A first novel is always refreshing to read. First, because a new voice is trying to make itself heard in the cacophony of the established writers, most of whom have lost their sting. Second, since the writer’s teething problems are also shared by the reader.

The Tiger by the River is an exciting debut novel. Ravi Shankar Etteth may be new to the genre, but already has a collection of short stories to his credit. The novel is about myth, magic and kings, where the present merges happily with the past, and it becomes difficult to distinguish between the living and the dead.

Etteth knows the importance of a dramatic beginning. The book opens with the protagonist, Swati Varma, being questioned by the airport security about the urn he is carrying in his hands. “It contains my wife’s ashes,” he replies. The vessel almost slips from the hands of the startled policeman. The opening has its effects. It immediately attracts the attention of the readers and makes them curious.

Swati is not only carrying an unconventional luggage on flight, but he is also undertaking an unconventional journey. He was leading a blissful life in New Delhi when his pregnant wife died in a road accident. He travels to Panayur in Kerala to scatter the ashes of his wife in the sacred waters of the Papanasini river. Little does Swati know that he is going to Panayur as the last direct descendant of the kings who had ruled the place. Neither has he any idea of his imminent reunion with Antara, his childhood friend, whose son he had fathered without knowing anything about it.
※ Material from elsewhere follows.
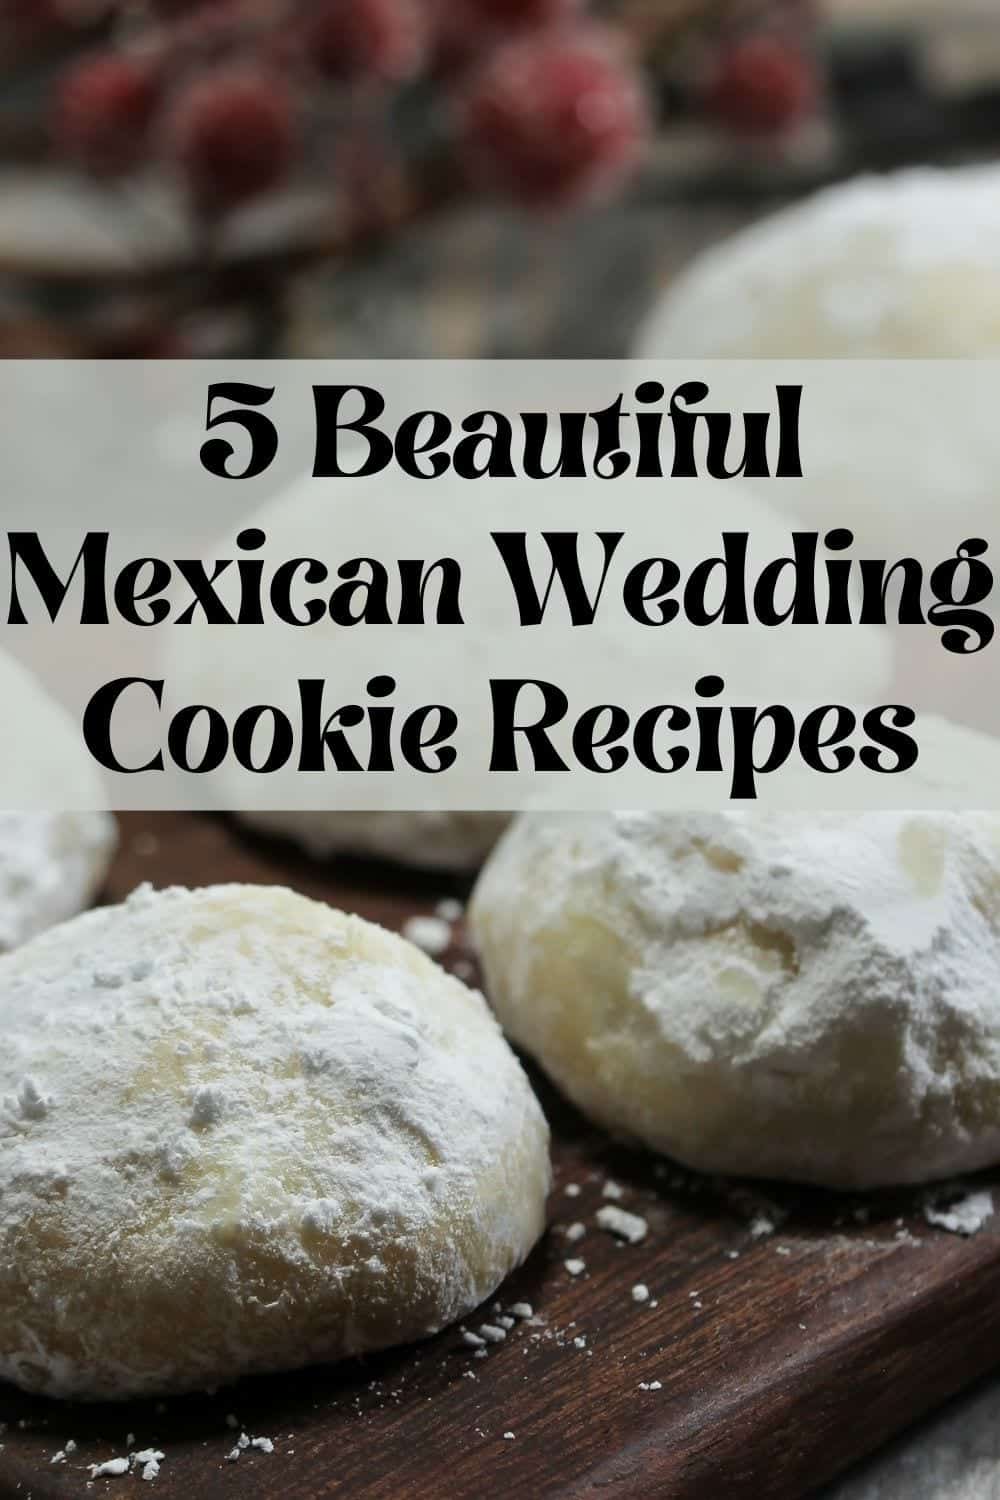 Mexican wedding cookies recipes

Swati is also blissfully unaware of his cousin, Vel, living in the United States of America with his girlfriend, Kay. While spending his days with Antara at Panayur, which somehow remains uninfected by the communal virus wreaking havoc in the other parts of the country, Swati comes to know all about the kings and queens and history of Panayur while, thousands of miles away, Vel and Kay prepare for a homecoming. Between the individuals and their efforts to keep traditions alive lies the legend of the tiger.
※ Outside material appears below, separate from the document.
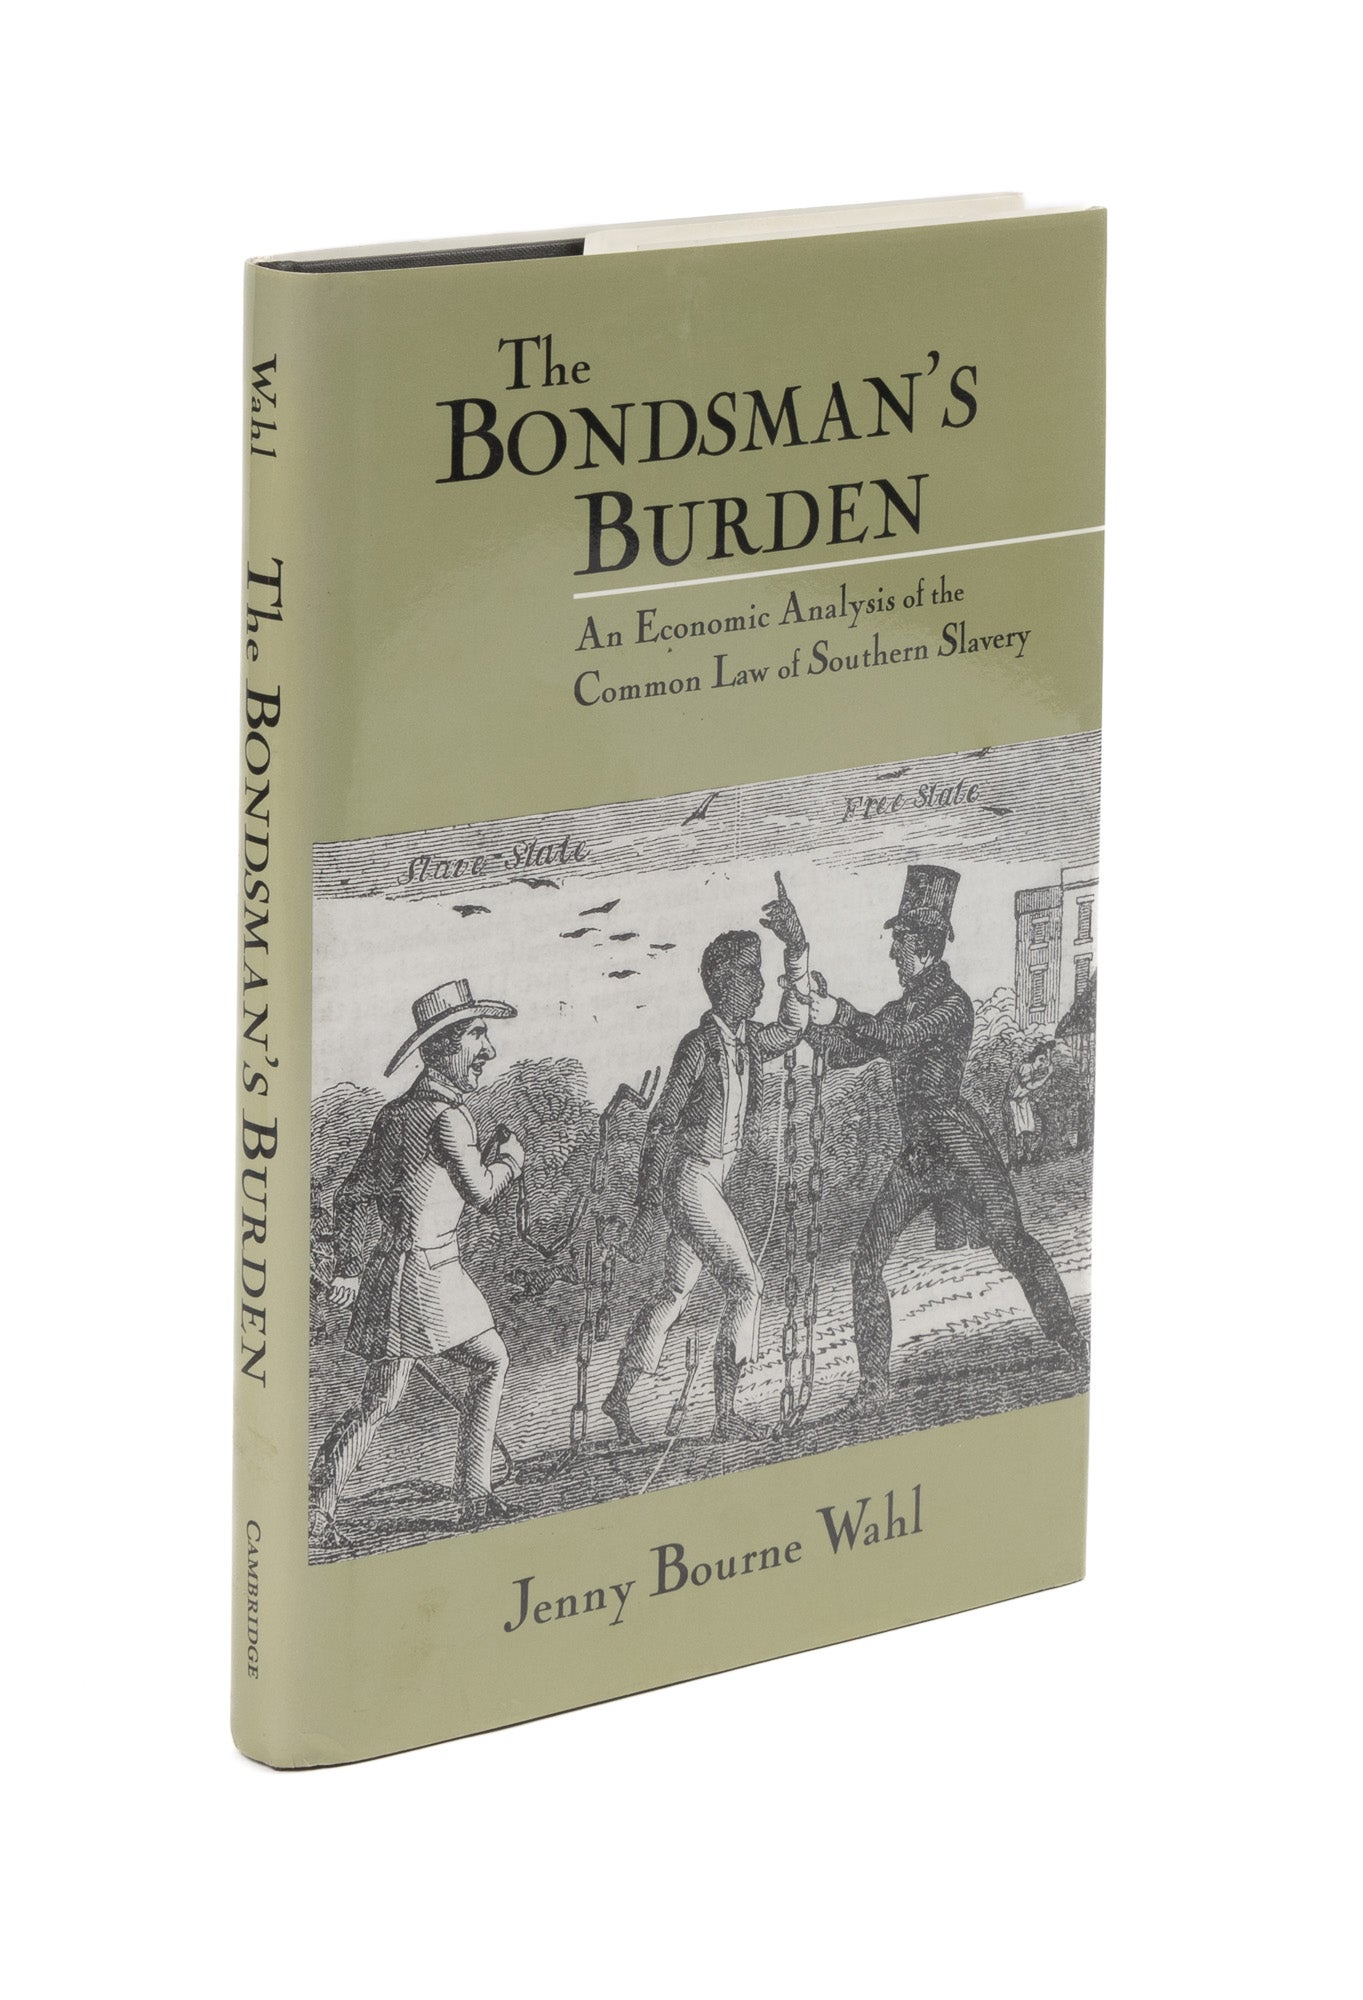 The Bondsman's Burden: An Economic Analysis of the Common Law of

Etteth is more of a storyteller than a novelist. The characters fail to develop through the course of the novel. Panayur is presented as a beautiful, ideal world. Religion and caste problems do not disrupt life in the novel, and it is only incidental that a religious conflict claims the life of Antara. Etteth’s delineation of historical facts and traditions of the Panayur kingdom are quite powerful. But the tiger myth is loose and unconvincing.